I may have to resort to a small string of twinkle bulbs...maybe leds...but I'd like to know a little about glow wire first. What does it take to power it? Can it be cut to length? 

What about rope light? It's probably also too hot. But - can rope light sustain being cut to only about 15 inches long? Anything special that needs to be done or simply cut it?

I'm also considering some type of fake water - like the plastic or gel stuff you use to mount plants in a vase.....for inside the bottom of the jar. I'd like something that diffuses the light a bit so it gives a better glow.


----------



## Meat Tickler (Sep 7, 2009)

*Alternative*

I had trouble getting the proper lighting with glow wire, so I went to hobby town usa and bought a bundle of n-scale layout train lights, (just the bulbs)that are approx. 8mm in length and 3mm in diameter. They are 12v dc or ac lights, and do not require a resistor like led's, and for about 8.00 you can get a 12vdc controller for trains that will run the lights. they are very cool, but are also very bright when on full power, I like them because I can control the brightness for the desired effect I want with the controller. I run almost 120 lights with the controller and have had no problems yet. MT


----------



## DarkLore (Jan 25, 2009)

Interesting suggestion. In my case, the brightness doesn't need to be adjustable and I'm not using a controller for this prop. It's more of a switchbox that can run power to other props or lights.


----------



## The Watcher (Sep 13, 2008)

I don't know of any cool ac lights. My friend used the el wire on his electric chair. I think he said you need a transformer every 22 ft. It might of been less. But you need it to be in a dark place. in his garage during the after noon. You couldn't even tell it was on.


----------



## DarkLore (Jan 25, 2009)

Is there anything special about a transformer or is it simply a wall wart? As for the amount of light...my prop lights up in other ways. For this light...I'm only concerned about the night environment. I'll try to post a thread on the prop later today.


----------



## fritz42_male (May 5, 2009)

The transformers aren't normal wall warts - they generate higher voltages I believe.

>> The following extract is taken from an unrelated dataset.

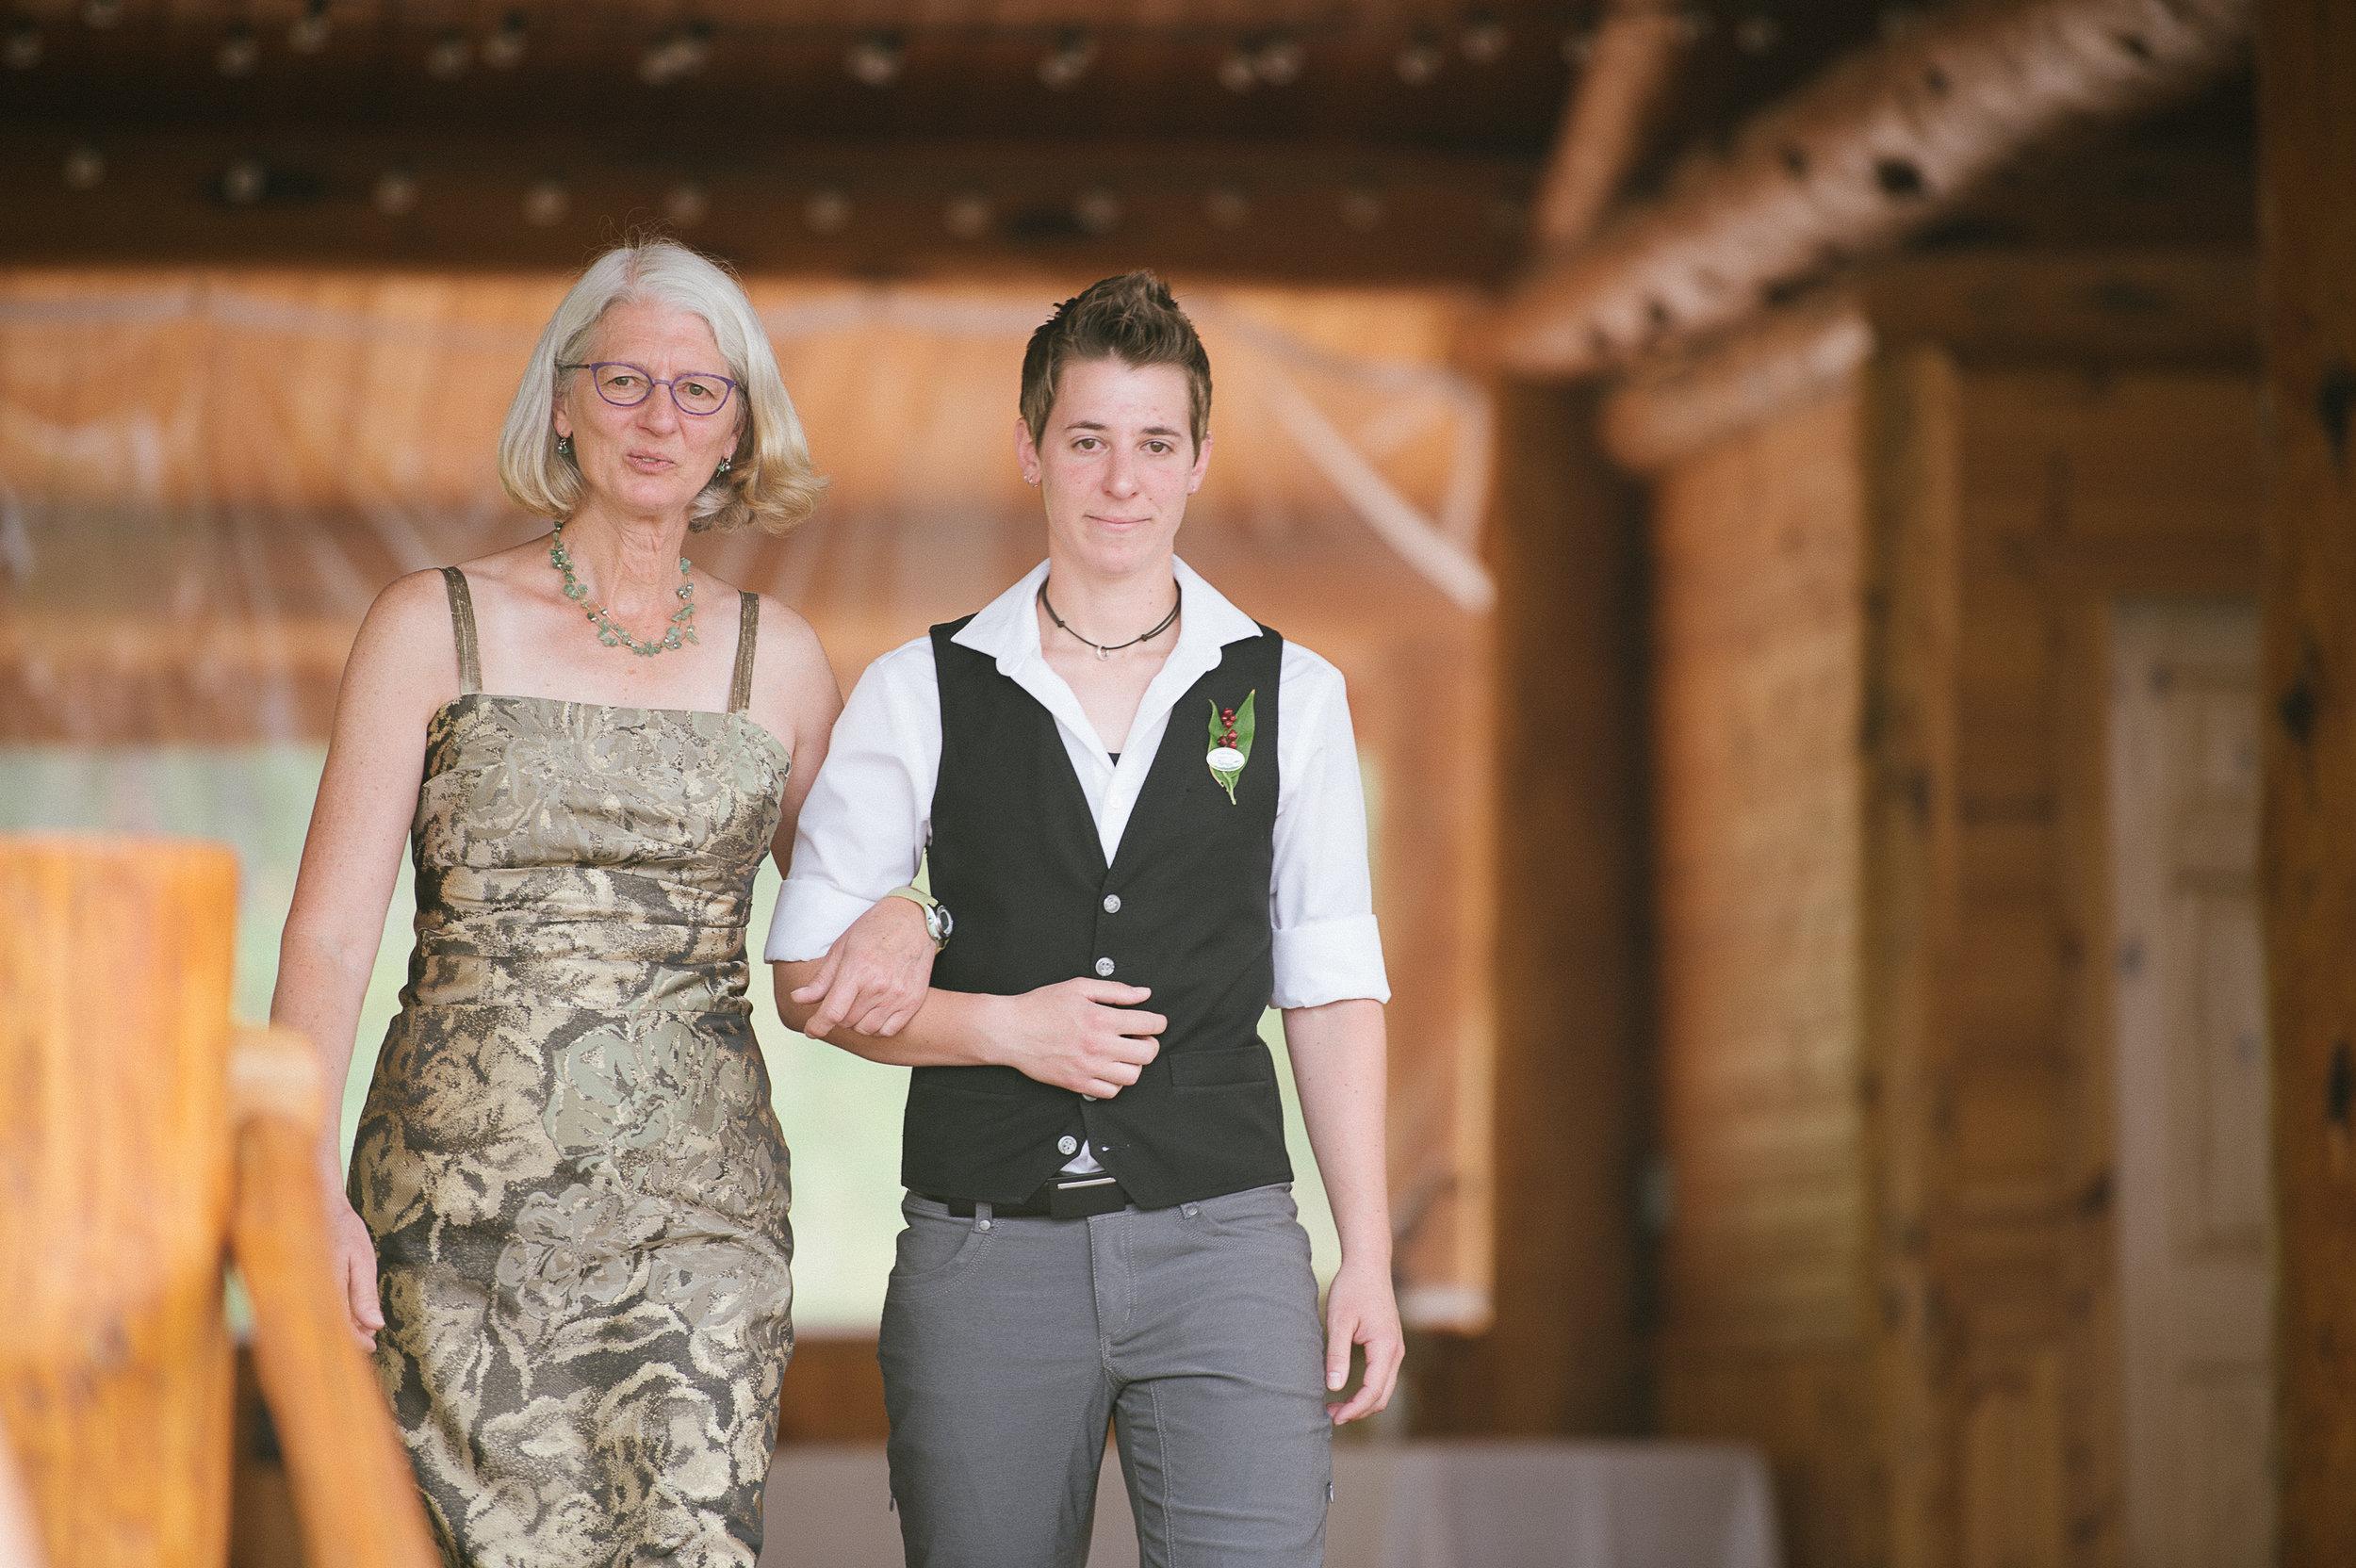 Glacier Montana Wedding_Elly Maurer + Frankie Dashiell Wedding_Beautiful Outdoor Wedding_Kelsey Lane Photography-4905.jpg

The problem with EL stuff it that it apparently needs sealing after cutting or the material degrades.

I bought a cheap EL wire kit from Ikea but haven't tried cutting it. Cost about $10 and runs off battery. As The Watcher said, it doesn't generate a lot of light.

Found this link which might be of use. http://www.elec2go.com.au/prod8.htm

Otherwise possibly cut a perspex base for the jar with a couple of micro LED's glued into the perspex side on?


----------



## DarkLore (Jan 25, 2009)

I thought about an acrylic base with leds...(see discussions on ghostly footprints)...but I don't want the leds to be evident. I figured I'd have to find a way to deal with frosting the top of the acrylic in order to disperse the light to anything but the sides of the acrylic.

I'm not sure what perspex is....but I presume its something similar. A large EL sheet would work but that's a bit pricey and the light wouldn't be very colorful. (Same with n-scale lighting.)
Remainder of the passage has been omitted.